Keith: We’re at a turning point, and I don’t know which way we’re going to turn. My preference would be for a healthy theatrical market that will allow films to enjoy rich afterlives at home, but that feels like looking backwards, possibly clouded by nostalgia. So I guess my main hope is that the world of movies stays lively and theaters play a role in that.
We may have uncorked the bottle when it comes to big movies reaching streaming services simultaneously with their theatrical appearances. But maybe we can find ways to live with what we’ve uncorked that don’t end up hurting films and doesn't leave us regretting the nights at the movies we denied ourselves.
I still really, really want to see FIRST COW in a theater.
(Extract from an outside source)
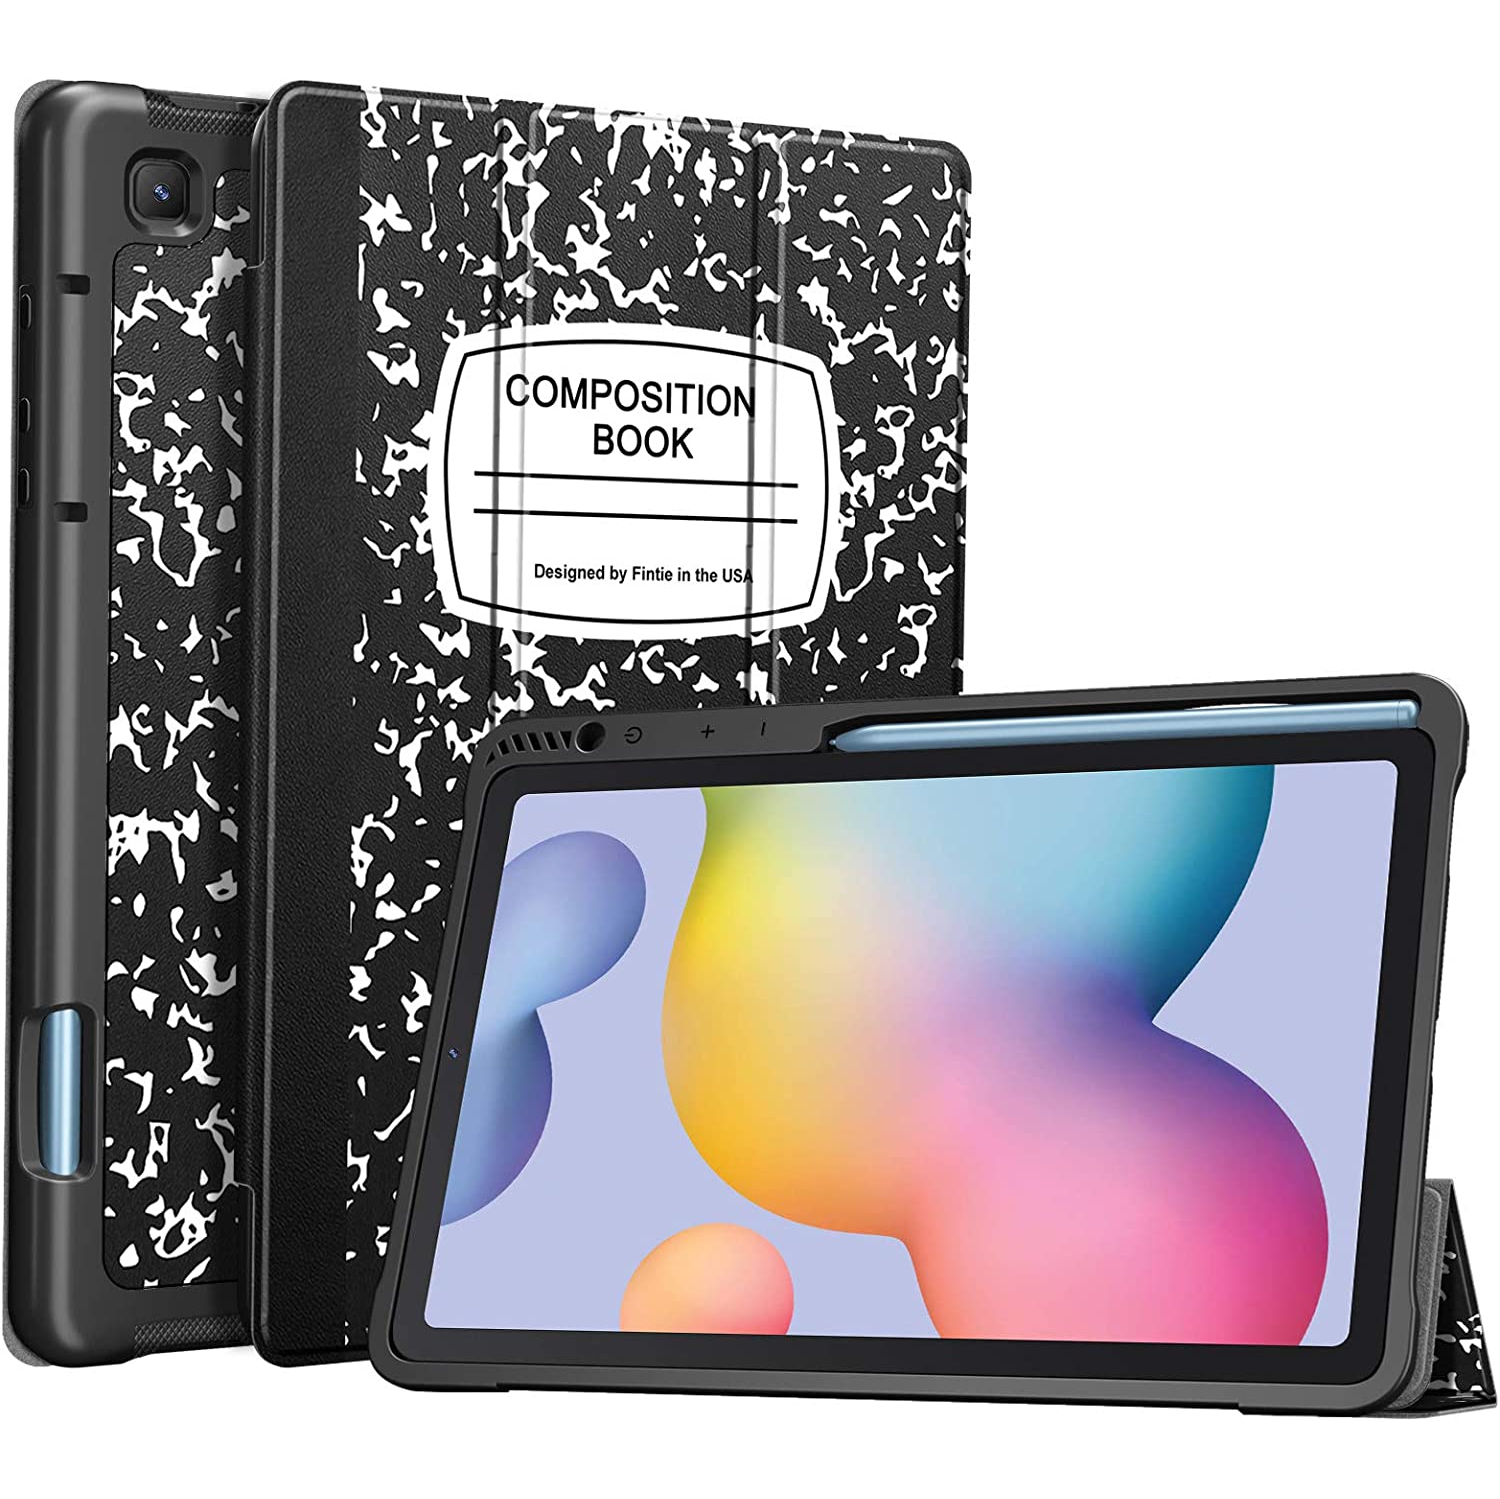 F Slim Case for Samsung Galaxy Tab S6 Lite 10.4 inch 2022/2020 Model (SM-P610/P613/P615/P619) with Built-in S Pen Holder, Soft TPU Smart Stand Back Cover Auto Wake/Sleep (Compositi

I'm not sure what streaming distribution deal is behind it, but unlike most A24 stuff it never popped up on Netflix, and now the only streaming options are buying a digital copy or subscribing to Showtime. I know, I know, just suck it up and buy the blu-ray, but I'm still bummed that of all the films who's releases got cut short or moved around last year, this one seemed to fall through the cracks the most.
I'm beside myself with excitement to see DUNE, but that excitement is hugely tempered by a reluctance to visit a cinema and sit in a (probably poorly ventilated) room with maybe hundreds of people, most of whom won't be wearing masks, and I just don't see that situation changing particularly soon. Which means that if I do get the chance to pay to stream it at home (I'm in the UK, so no HBO Max here) I'll do that, just to support the artist and make myself feel good about spending my 20 quid to "save cinema", but would that experience have the same "value" as spending 20 pounds to see it as intended, with an audience and on the big screen? I honestly don't know!